Updated version for a performance of the 1866 Broadway production of 'The Black Crook' 

Position
Choreographer and Cartoonist
Affiliation
New York, NY
2006

I was a choreographer during my AAS fellowship, researching for the creation of an updated version of the 1866 Broadway production The Black Crook. Sometimes credited as being the first musical, The Black Crook ran for more than a year and was the first American stage production to gross over a million dollars.

The Black Crook was the most singular, spectacular commercial success of its author, Charles M. Barras. (Yes, that was really his name!) Through my research at the AAS, I read descriptions, reviews, the Black Crook libretto, sheet music, and more. The script was awful! Barras’ work was panned by critics, but the addition of song and dance transformed his play, making it phenomenally successful.

The richness of the historical materials I was able to access enabled me to look at Barras’ life as that of an artist of poor ability made famous and miserable by dance and music - two elements he was opposed to incorporating into his work. As a choreographer, I could not let go of the idea that my muse had ruined his life! At the AAS I was able to read his illustrated novelization of the play, learn of the tragic death of his wife, his inability to have even one more play commercially produced, and finally his tragic suicide. His New York Times obituary scathingly dismissed his talent, his one smash hit, and his death.

My research about the life and achingly frustrated career of a middle-aged playwright deeply resonated with my life and career as a middle-aged dancer/choreographer, 140 years later. After working with my dance company on a production inspired by C. M. Barras and The Black Crook I quit dance, film, and theater. But unlike Barras, I have managed new (personal and) professional achievements, albeit in a new medium.

I am now a cartoonist working in the area of graphic medicine and drawing. Thanks to the guidance I received on research processes from AAS staff, I became the inaugural artist in residence at the New York Academy of Medicine Library in 2017. Since my residency, I have been thinking a lot about the way I tend to be more interested or open to an intimidating subject if I have a connection to it though previous experience or knowledge. One thing that researching the histories of domestic sewing and of sutures and ligatures has taught me is that sewing was a universal skill for millennia. These days it may not be as common a skill, but practically everyone understands what it is and the basic techniques and equipment used.

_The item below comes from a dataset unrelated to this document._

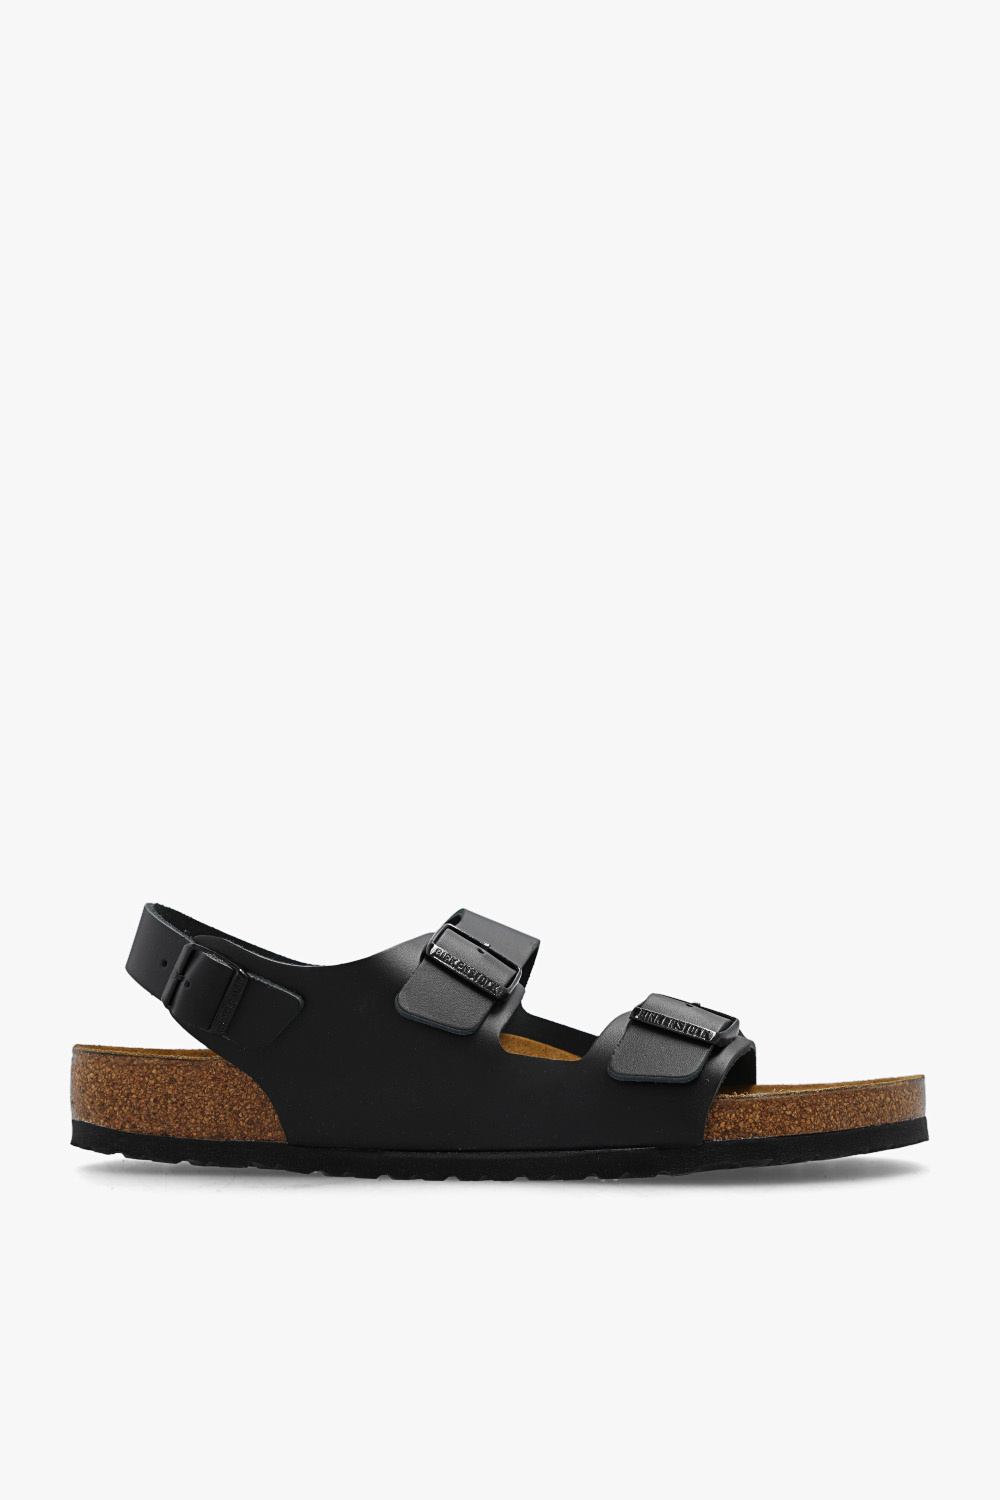 IetpShops Brazil - Black 'Milano BS' sandals Birkenstock - Ankle

My new comic, Silver Wire, explores the histories of surgery, unethical research, and slavery, by using embroidery as the medium for gaining a little more understanding of these very intimidating subjects. In the narrative, I go to the park with my doctor-friend Mollie for a lesson about surgery and suturing techniques. As we wound and sew up fruit, we explore the histories of medical sewing and decorative sewing, gossiping and joking about the great surgeons of history. But the same techniques that Mollie uses with her patients to relieve their suffering have a dark history that affects us all.

History is full of love, suffering, service, and cruelty, sometimes all coming from the same source. By weeding through the culture and politics of medicine of the past, we can understand and improve the state of public health today.